FIG. 1 is a block diagram illustrating a configuration of a signal detection device according to an embodiment of the present invention.
[0016]
The signal detection apparatus according to the present embodiment is a signal detection method for searching a part similar to a pre-registered target signal from a stored signal. , The accumulated feature amount calculating step of deriving a feature amount sequence from the signal in the noticed window, and the processing by the accumulated feature amount calculating step are repeatedly performed while shifting the attention window. A series is classified based on a predefined distance, and a stored feature classifying step of determining a representative feature series of the classification, and a selection threshold value for the distance defined in the stored feature class classifying step, are performed by comparing feature quantities with each other. A selection threshold value calculation step of calculating from a search threshold value which is a threshold value set in advance with respect to the similarity degree, and a classification derived in the accumulated feature quantity classification step, which is derived in the target feature quantity calculation step. An accumulation feature amount selection step of selecting a feature amount series included in a classification having a representative feature amount series whose similarity with the collection amount series satisfies a condition derived from a selection threshold; And a similarity calculation step of calculating a similarity between the feature quantity series obtained in the target feature quantity calculation step and a feature quantity series derived in the target feature quantity calculation step, and a stored signal obtained based on the calculation result by the similarity calculation step. Having a similarity determination step of determining whether or not the target signal is present at the relevant portion of the accumulated signal by comparing the similarity with the target signal for some points of the search signal and the search threshold. An apparatus for implementing a signal detection method characterized by the following.
[0017]
In FIG. 1, a signal detecting apparatus according to the present embodiment includes a target feature amount calculating unit 1, an accumulated feature amount calculating unit 2, an accumulated feature amount classifying unit 3, a selection threshold setting unit 4, a stored feature amount selecting unit. Means 5, a similarity calculating means 6, a skip width calculating means 7, and a similarity determining means 8; Then, a portion in the accumulated signal where the similarity with the target signal is equal to or larger than a predetermined value (this is referred to as a search threshold) θ is output.
[0018]
In the above configuration, the target feature value calculating means 1 has a function of deriving a feature value sequence from a target signal.

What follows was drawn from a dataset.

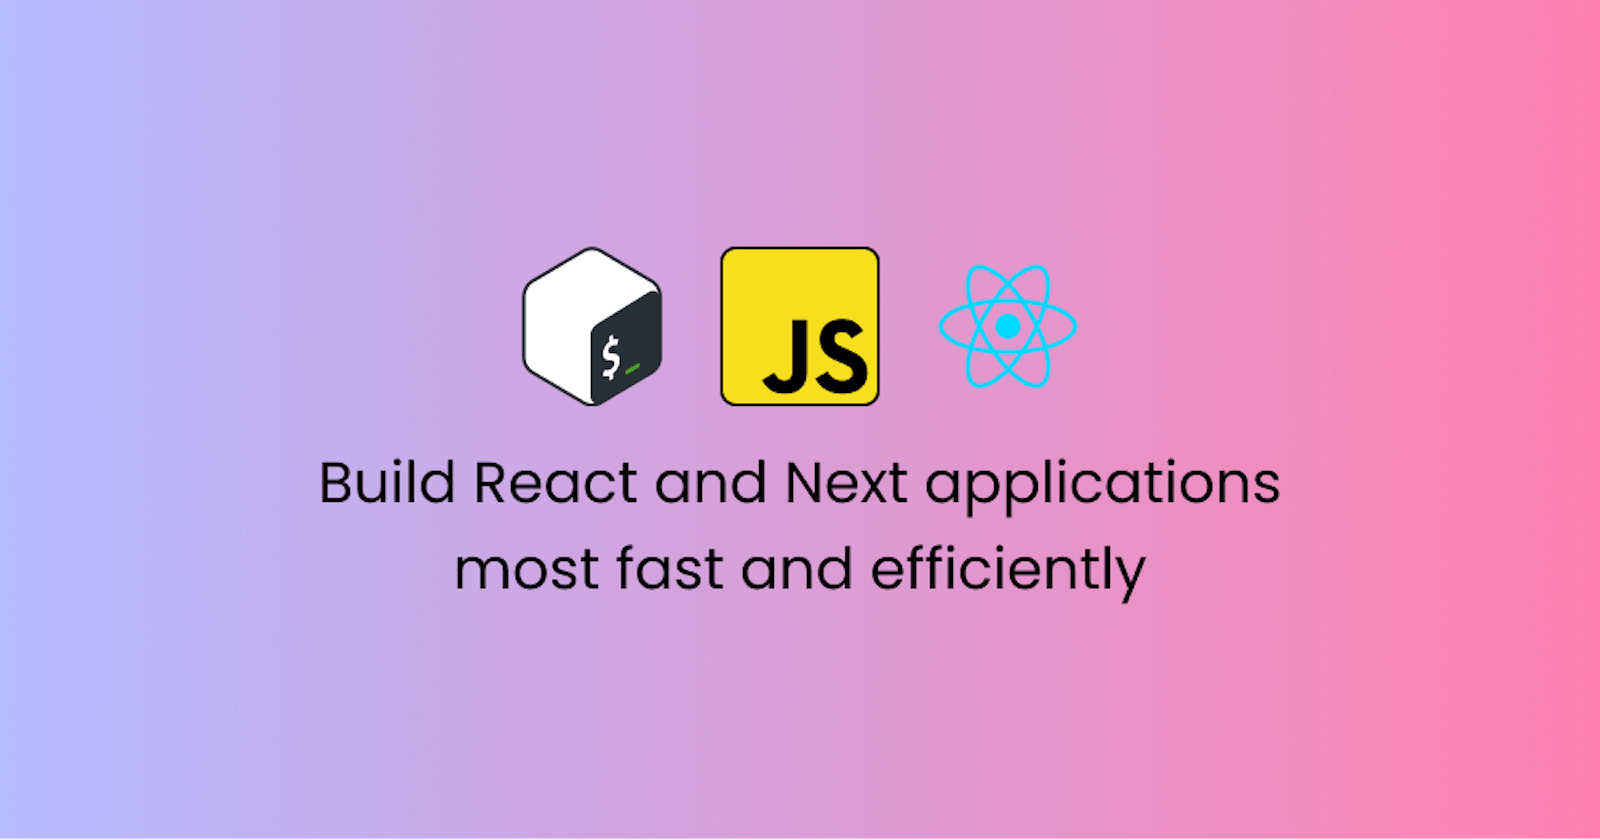 Build React and Next applications most fast and efficiently

Further, the accumulated feature value calculating means 2 has a function of setting a window of interest (point of interest) in the stored signal and deriving a feature value sequence from the stored signal in the set window of interest.
The accumulated feature classifying means 3 divides each feature series obtained by repeating the feature extraction while shifting the window of interest set in the accumulated signal by the accumulated feature computing means 2 based on a predefined distance. And has a function of determining a representative feature amount series of the classification.
[0019]
The selection threshold setting unit 4 has a function of calculating a selection threshold for the distance defined by the accumulated feature classifying unit 3 from a search threshold that is a threshold set in advance for the similarity between feature amounts.
The accumulated feature amount selecting unit 5 determines that the similarity between the classification output from the accumulated feature amount classifying unit 3 and the feature amount series output from the target feature amount calculating unit 1 satisfies a condition derived from the selection threshold. It has a function of selecting a feature amount sequence included in a classification having a representative feature amount sequence.
The similarity calculation means 6 has a function of calculating the similarity between the feature quantity sequence output from the accumulated feature quantity selection means 5 and the feature quantity sequence output from the target feature quantity calculation means 1.
[0020]
The skip width calculating means 7 has a function of calculating the skip width of the window of interest based on the similarity calculated by the similarity calculating means, and moving the window of interest by the skip width.
Further, the similarity determination means 8 compares the similarity between the target signal with respect to some points of the stored signal obtained based on the calculation result by the similarity calculation means 6 and the search threshold, It has a function of determining whether or not the target signal is present at the location of the stored signal.
[0021]
Next, the operation of the signal detection device having the above configuration will be specifically described with reference to the flowchart shown in FIG. In the following, for the sake of simplicity, a case will be described where the length of the window of interest is the same as the length of the target signal. The same applies to the case where the window of interest is temporally divided.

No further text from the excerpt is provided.